Figure 7. Left: Map displaying total population of Wisconsin counties. Right: Map displaying rural percentage of Wisconsin counties.

Sources

U.S. Census Bureau 2010.

Lab 1: Base Data

Goals and Background

The purpose of this lab exercise was to showcase the skills learned in previous week of the GIS I class, specifically with various spatial data sets and manipulating them to display the information appropriate to the exercise. The lab instructed me, a hypothetical intern at Clear Vision Eau Claire, to use such spatial data sets used in public land management, administration, and land use to prepare a basic report and develop base maps for the Confluence Project. The Confluence Project is a plan for the development of a community arts center, a mixed-use space for retail, commercial, parking, and university housing apartment complex. The space for development is located at the confluence of the Eau Claire and Chippewa Rivers.

Methods

Constructing the report and base maps took several different steps. First and foremost, I familiarized myself with the feature data sets given and reviewed basic skills I thought I would need for this project. Then, I needed to digitize the Confluence Project's proposed site. Finally, I built several data frames to showcase the information I gathered from the geodatabases and created this report.

Familiarizing myself with the spatial data sets and information consisted of going through both geodatabases within ArcCatalog and previewing all feature data sets and classes. The geodatabases contained spatial data pertaining to the census features, development, parcel features, PLSS, and the roads within the city and county of Eau Claire. I also reviewed certain skills for this lab such as how to digitize, manipulate the layout frames, and add pertinent information like legends and scale bars.

Next, I digitized the site for the Confluence Project. This process began with creating a new, blank feature class named Proposed Site in the geodatabase I created specifically for this exercise. In ArcMap, I added the Imagery basemap, the parcel area feature class, and the Proposed Site to a blank map, zoomed to the location of the Confluence project, and turned on the editor toolbar.
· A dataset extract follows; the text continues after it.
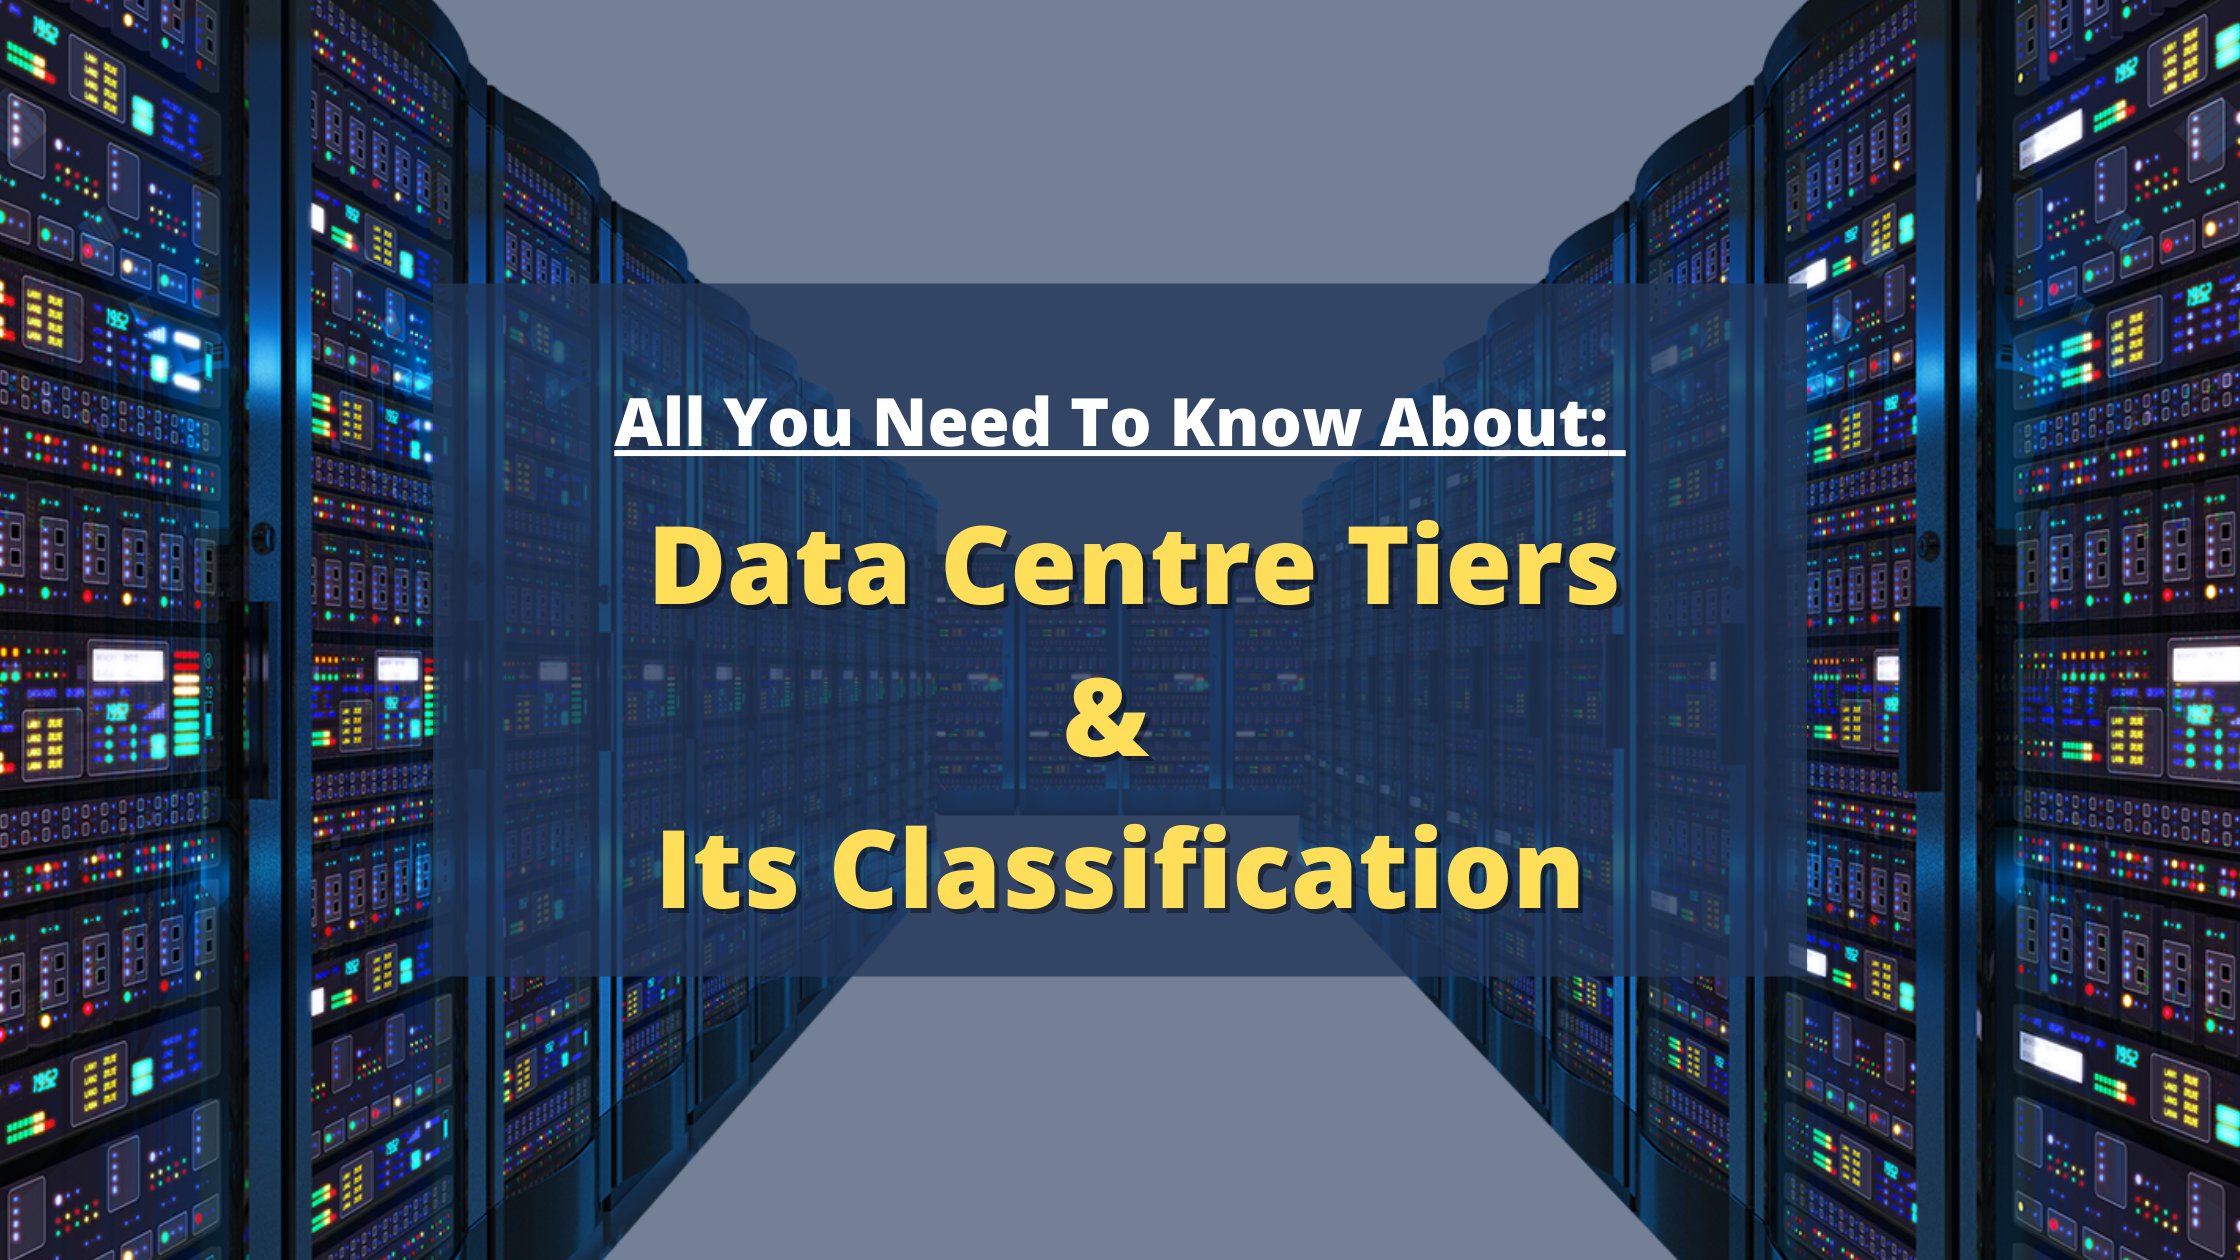 All you need to know about Data Centre Tiers & its Classification

I used the editor toolbar to create a new feature in the Proposed Site feature class outlining the location of the Confluence Project and made it a bright blue color so it would easily be visible next to any other feature classes added to a given map. This gave me my digitized site.
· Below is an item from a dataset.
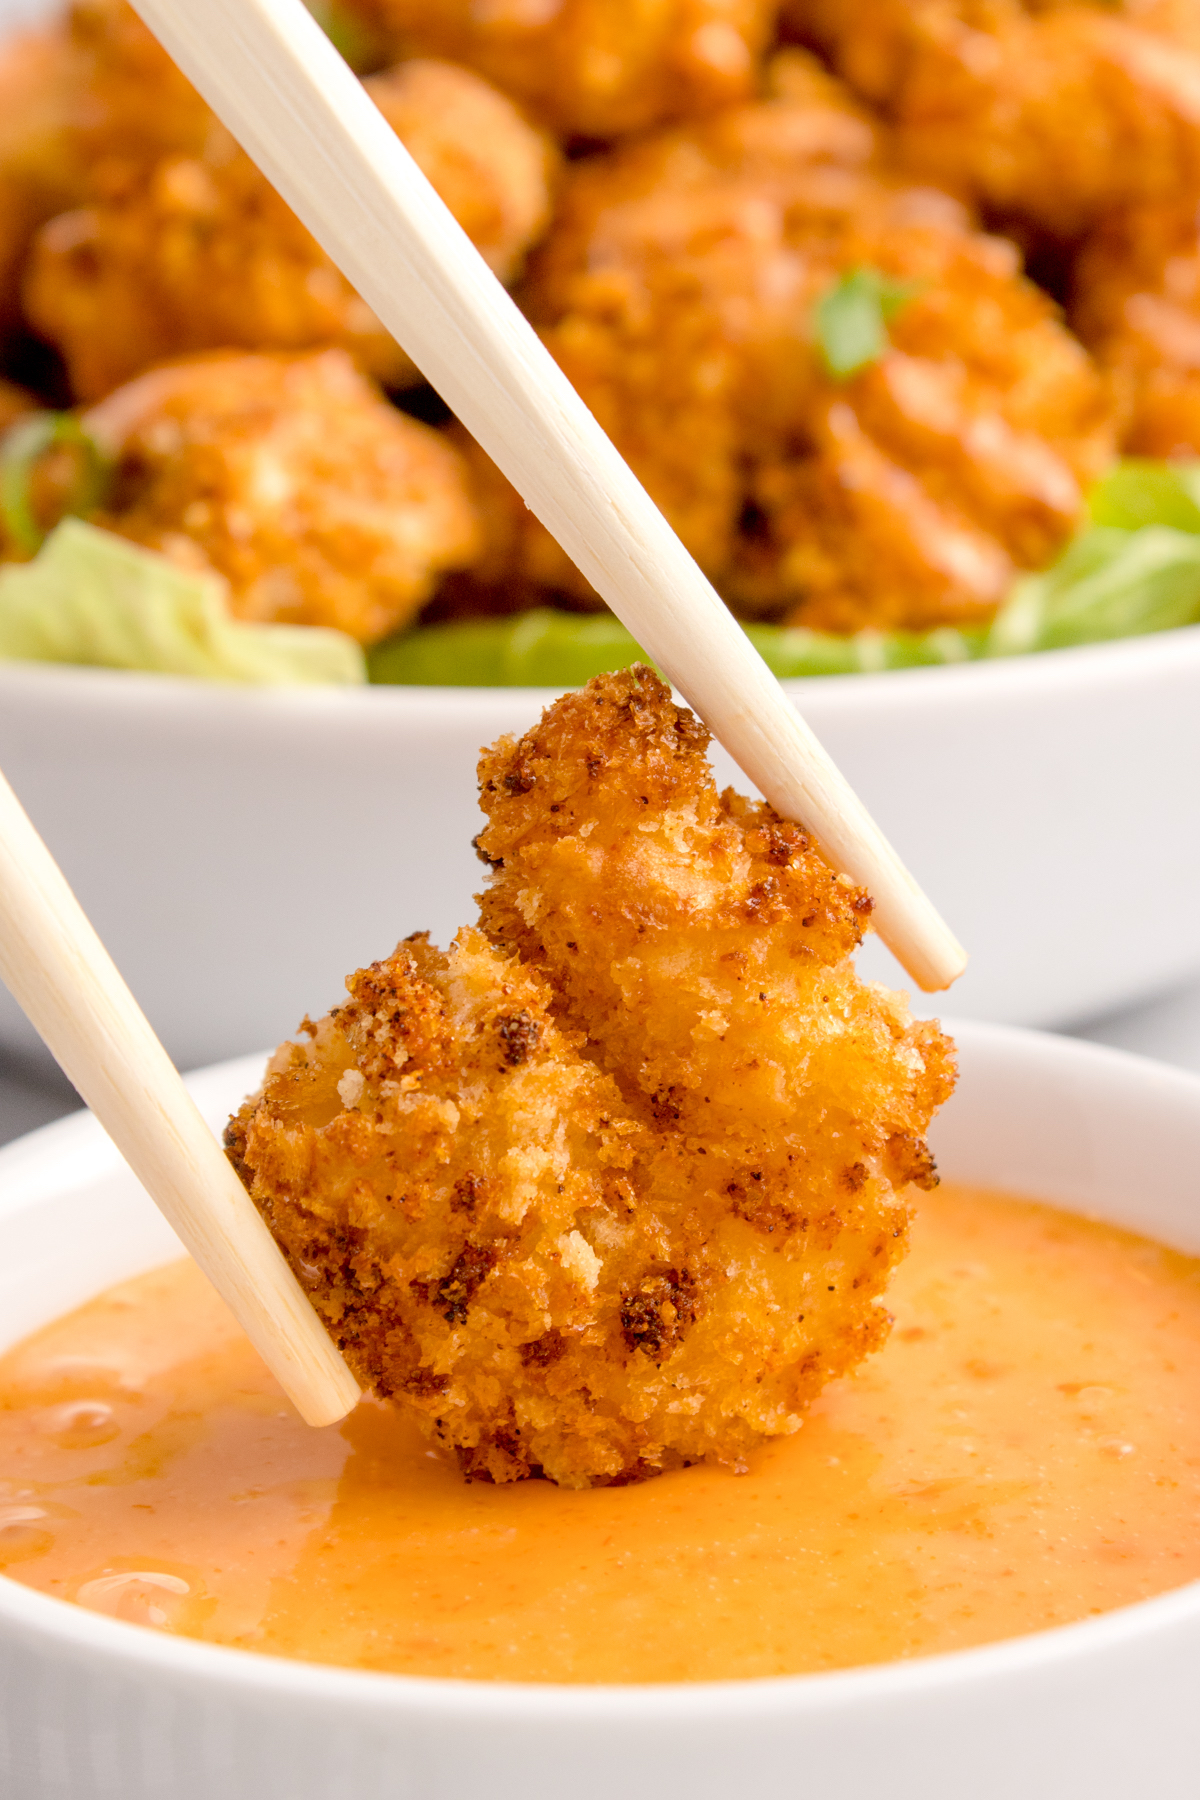 A pair of chopsticks holds a crispy breaded shrimp that's being dipped in a bowl or orange colored bang bang sauce.

Finally, I built six data frames with information pertinent to the exercise. Each data frame displays the location of the Confluence Project within different maps of the local area and what is important legally and spatially. I used different skills developed in previous weeks, such as manipulating data frames in the layout view of ArcMap, to make the maps look presentable and aesthetically pleasing.

Results

Figure 1 below presents the data frames created to present the information on the Confluence Project. The first data frame displays the civil divisions, separating the city of Eau Claire from the towns surrounding it and Chippewa county to the north. The second frame shows the census boundaries with each section represented by their populations and normalized by square mile, ultimately showing the population density of the surrounding area. The third frame presents the location of the proposed site in terms of the PLSS quarter quarter divisions; it's legally described as residing in Section 20, Township 27 North, Range 9 West. The fourth frame shows the city of Eau Claire's parcel data and the proposed site location is highlighted. The fifth frame displays the zoning data in Eau Claire; each zoning class is highlighted in a different color with the proposed site located in a red zone, which represents a central business district. The final data frame includes the voting districts for the city of Eau Claire and the location of the proposed site within district 31.

Fig 1. Base maps displaying varying information. 

Sources

City of Eau Claire and Eau Claire County 2013.